### Task item
Copy the records below exactly.

### Task material
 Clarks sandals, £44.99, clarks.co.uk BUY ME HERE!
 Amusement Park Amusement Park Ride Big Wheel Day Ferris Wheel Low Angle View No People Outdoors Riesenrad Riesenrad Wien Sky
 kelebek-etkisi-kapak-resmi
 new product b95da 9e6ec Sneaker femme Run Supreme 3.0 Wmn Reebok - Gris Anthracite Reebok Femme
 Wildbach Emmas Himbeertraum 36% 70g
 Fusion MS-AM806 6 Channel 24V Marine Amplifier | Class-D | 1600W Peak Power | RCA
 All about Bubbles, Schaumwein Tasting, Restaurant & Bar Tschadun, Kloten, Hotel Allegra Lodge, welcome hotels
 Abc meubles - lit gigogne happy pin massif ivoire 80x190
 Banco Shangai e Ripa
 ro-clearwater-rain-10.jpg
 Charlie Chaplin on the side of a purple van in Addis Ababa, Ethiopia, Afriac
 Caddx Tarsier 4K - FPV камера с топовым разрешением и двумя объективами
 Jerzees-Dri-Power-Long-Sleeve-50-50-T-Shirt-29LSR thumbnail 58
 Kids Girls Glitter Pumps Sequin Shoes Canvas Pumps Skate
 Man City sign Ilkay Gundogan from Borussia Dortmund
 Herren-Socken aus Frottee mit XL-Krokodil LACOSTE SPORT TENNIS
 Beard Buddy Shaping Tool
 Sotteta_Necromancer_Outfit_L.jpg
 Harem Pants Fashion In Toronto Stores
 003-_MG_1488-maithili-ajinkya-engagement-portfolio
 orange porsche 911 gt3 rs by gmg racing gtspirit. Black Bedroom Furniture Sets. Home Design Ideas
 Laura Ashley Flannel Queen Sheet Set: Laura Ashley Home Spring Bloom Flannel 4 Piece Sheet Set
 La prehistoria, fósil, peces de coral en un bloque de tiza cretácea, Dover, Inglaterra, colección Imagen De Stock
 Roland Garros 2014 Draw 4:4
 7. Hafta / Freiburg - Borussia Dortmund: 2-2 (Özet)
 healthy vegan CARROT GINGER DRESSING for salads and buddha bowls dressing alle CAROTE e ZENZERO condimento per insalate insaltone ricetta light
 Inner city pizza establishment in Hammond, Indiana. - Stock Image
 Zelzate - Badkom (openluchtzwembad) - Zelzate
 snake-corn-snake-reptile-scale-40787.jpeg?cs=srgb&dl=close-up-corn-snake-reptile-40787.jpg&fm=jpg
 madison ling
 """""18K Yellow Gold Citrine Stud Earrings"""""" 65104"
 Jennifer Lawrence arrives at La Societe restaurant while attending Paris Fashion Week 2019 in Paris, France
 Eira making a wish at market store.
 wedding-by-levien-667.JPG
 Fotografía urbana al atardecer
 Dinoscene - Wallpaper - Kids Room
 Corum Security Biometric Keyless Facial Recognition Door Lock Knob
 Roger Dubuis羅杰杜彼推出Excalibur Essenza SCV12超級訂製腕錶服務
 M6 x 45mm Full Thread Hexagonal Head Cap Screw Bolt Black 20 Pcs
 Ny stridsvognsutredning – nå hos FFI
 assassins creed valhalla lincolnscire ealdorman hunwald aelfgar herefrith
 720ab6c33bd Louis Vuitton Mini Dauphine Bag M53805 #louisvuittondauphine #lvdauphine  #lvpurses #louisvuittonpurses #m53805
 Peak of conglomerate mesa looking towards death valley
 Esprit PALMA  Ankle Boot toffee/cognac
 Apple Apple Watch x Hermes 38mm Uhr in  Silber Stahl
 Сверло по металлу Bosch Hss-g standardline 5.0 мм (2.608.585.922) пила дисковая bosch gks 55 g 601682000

### Exercise response
 Clarks sandals, £44.99, clarks.co.uk BUY ME HERE!
 Amusement Park Amusement Park Ride Big Wheel Day Ferris Wheel Low Angle View No People Outdoors Riesenrad Riesenrad Wien Sky
 kelebek-etkisi-kapak-resmi
 new product b95da 9e6ec Sneaker femme Run Supreme 3.0 Wmn Reebok - Gris Anthracite Reebok Femme
 Wildbach Emmas Himbeertraum 36% 70g
 Fusion MS-AM806 6 Channel 24V Marine Amplifier | Class-D | 1600W Peak Power | RCA
 All about Bubbles, Schaumwein Tasting, Restaurant & Bar Tschadun, Kloten, Hotel Allegra Lodge, welcome hotels
 Abc meubles - lit gigogne happy pin massif ivoire 80x190
 Banco Shangai e Ripa
 ro-clearwater-rain-10.jpg
 Charlie Chaplin on the side of a purple van in Addis Ababa, Ethiopia, Afriac
 Caddx Tarsier 4K - FPV камера с топовым разрешением и двумя объективами
 Jerzees-Dri-Power-Long-Sleeve-50-50-T-Shirt-29LSR thumbnail 58
 Kids Girls Glitter Pumps Sequin Shoes Canvas Pumps Skate
 Man City sign Ilkay Gundogan from Borussia Dortmund
 Herren-Socken aus Frottee mit XL-Krokodil LACOSTE SPORT TENNIS
 Beard Buddy Shaping Tool
 Sotteta_Necromancer_Outfit_L.jpg
 Harem Pants Fashion In Toronto Stores
 003-_MG_1488-maithili-ajinkya-engagement-portfolio
 orange porsche 911 gt3 rs by gmg racing gtspirit. Black Bedroom Furniture Sets. Home Design Ideas
 Laura Ashley Flannel Queen Sheet Set: Laura Ashley Home Spring Bloom Flannel 4 Piece Sheet Set
 La prehistoria, fósil, peces de coral en un bloque de tiza cretácea, Dover, Inglaterra, colección Imagen De Stock
 Roland Garros 2014 Draw 4:4
 7. Hafta / Freiburg - Borussia Dortmund: 2-2 (Özet)
 healthy vegan CARROT GINGER DRESSING for salads and buddha bowls dressing alle CAROTE e ZENZERO condimento per insalate insaltone ricetta light
 Inner city pizza establishment in Hammond, Indiana. - Stock Image
 Zelzate - Badkom (openluchtzwembad) - Zelzate
 snake-corn-snake-reptile-scale-40787.jpeg?cs=srgb&dl=close-up-corn-snake-reptile-40787.jpg&fm=jpg
 madison ling
 """""18K Yellow Gold Citrine Stud Earrings"""""" 65104"
 Jennifer Lawrence arrives at La Societe restaurant while attending Paris Fashion Week 2019 in Paris, France
 Eira making a wish at market store.
 wedding-by-levien-667.JPG
 Fotografía urbana al atardecer
 Dinoscene - Wallpaper - Kids Room
 Corum Security Biometric Keyless Facial Recognition Door Lock Knob
 Roger Dubuis羅杰杜彼推出Excalibur Essenza SCV12超級訂製腕錶服務
 M6 x 45mm Full Thread Hexagonal Head Cap Screw Bolt Black 20 Pcs
 Ny stridsvognsutredning – nå hos FFI
 assassins creed valhalla lincolnscire ealdorman hunwald aelfgar herefrith
 720ab6c33bd Louis Vuitton Mini Dauphine Bag M53805 #louisvuittondauphine #lvdauphine  #lvpurses #louisvuittonpurses #m53805
 Peak of conglomerate mesa looking towards death valley
 Esprit PALMA  Ankle Boot toffee/cognac
 Apple Apple Watch x Hermes 38mm Uhr in  Silber Stahl
 Сверло по металлу Bosch Hss-g standardline 5.0 мм (2.608.585.922) пила дисковая bosch gks 55 g 601682000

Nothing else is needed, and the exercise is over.